The London Lesbian and Gay Centre (LLGC) was a lesbian and gay community centre located at 67–69 Cowcross Street, London, UK. It was established in 1985 by the Greater London Council (GLC), which donated three-quarters of a million pounds to its establishment.

In 1984 The GLC published Changing The World – a charter of gay rights and supported a number of open meetings in the council chamber of County Hall during that summer. These resulted in the creation of a working group to create one of the few LGBT community centres in the UK, after Edinburgh Gay Centre which opened in 1974, Manchester Gay Centre on Bloom Street (1981) and the Birmingham Lesbian and Gay Community Centre, which had opened in 1976. The group included Brian Kennedy, Revd Richard Kirker, Helen Carr, Helen Jenkins, Alison Wheeler, Jaci Quennell, Jennifer Wilson and Lisa Power, among many others.

==Building==
After looking at many buildings, the working group located a disused former meat warehouse near Smithfield market in Farringdon which could be suitably converted and this was purchased by the GLC. It opened unofficially in December 1984, with plans to include club/performance space, cooking and dining space, a bookshop, a daycare room, a lounge and meeting room, a media resource centre, offices and other meeting spaces. Plans were drawn up to convert the building to community use, with a club / theatre space in the basement, a bar and café on the ground floor with outdoor patio, and facilities for printing and photography on the first floor run by the Technical Resources Collective and who printed the centre's monthly diary (alongside) and other leaflets.
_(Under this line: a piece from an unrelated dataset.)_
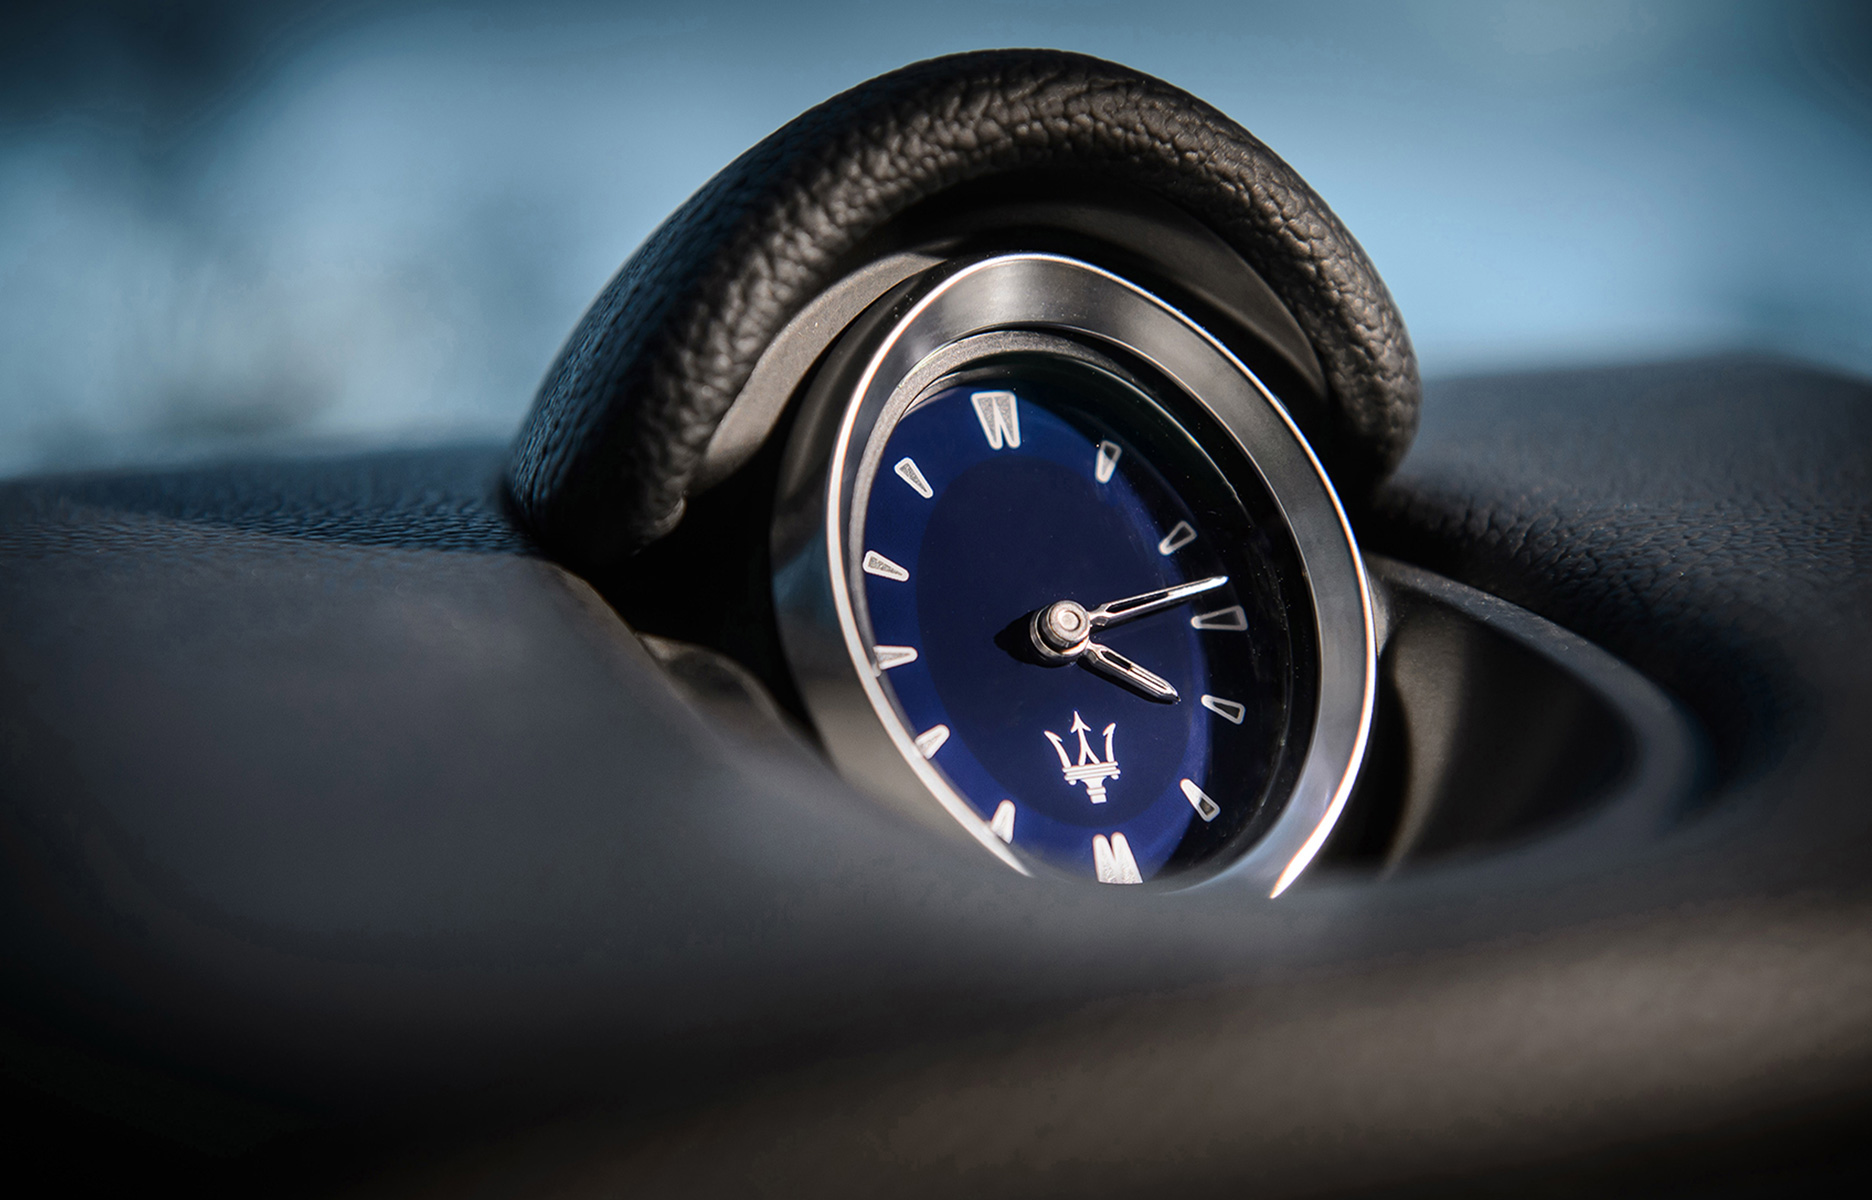 Montre horloge Jaeger pour tableau de bord voiture - Équipement auto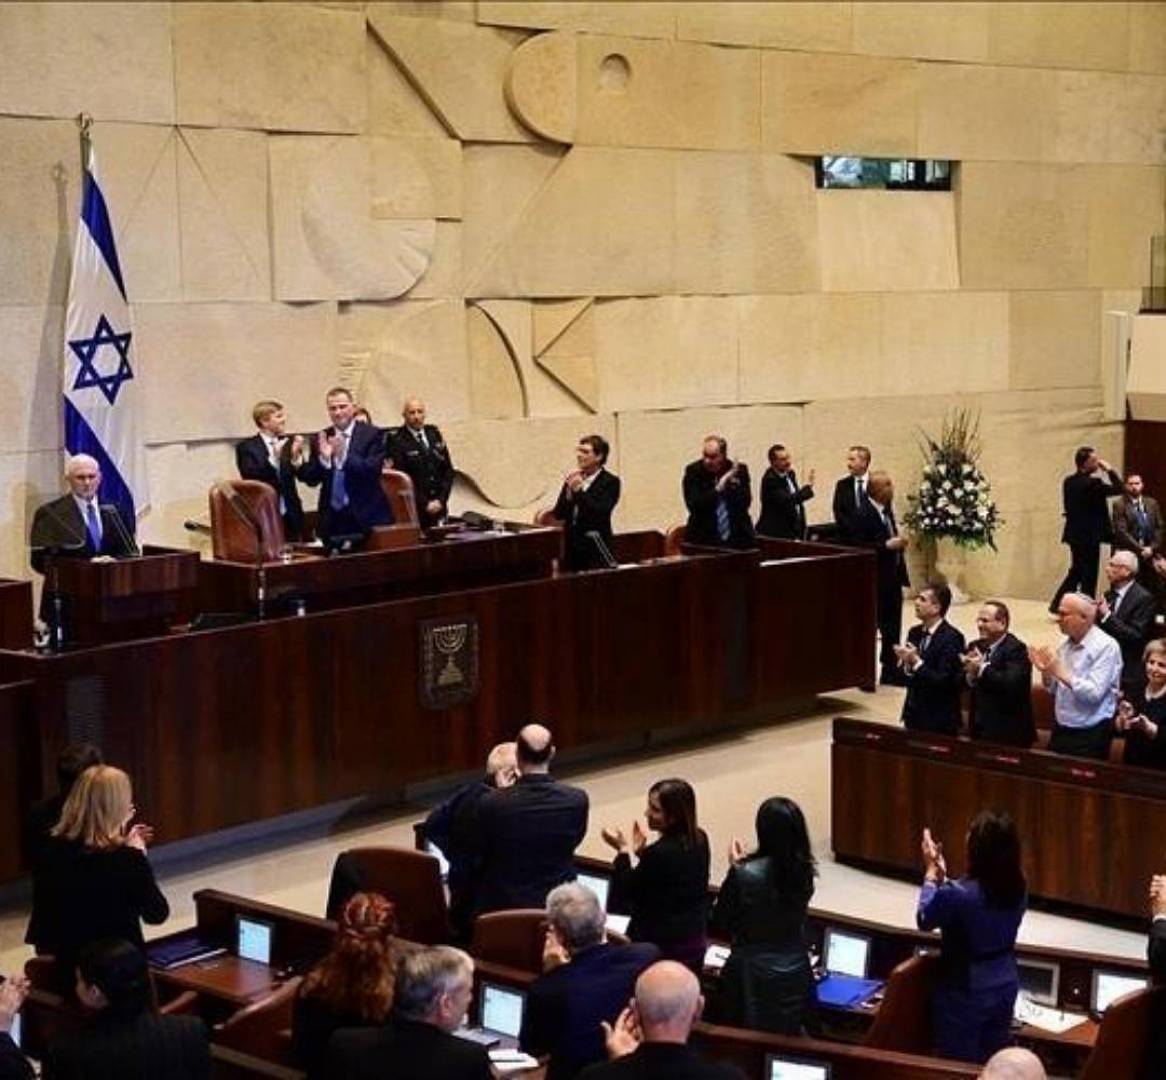 المعارضة الإسرائيلية تعتزم طرح مشروع قانون لحل الكنيست

The second floor was designated as women only space and the third (top) floor was converted to offices for the Centre management team, with some rooms being leased to other organisations, such as PACE. All areas of the building had full disabled access via a small passenger lift serving all floors, a larger (formerly goods) lift serving all except the top floor, and a ramp at the rear between the café-bar and the courtyard area, which overlooked the train and tube tracks. Many LGBT organisations were allowed to use the centre for postal purposes, such as Presente, the Lesbian and gay solidarity group for Nicaragua. Many others used the meeting rooms for regular groups.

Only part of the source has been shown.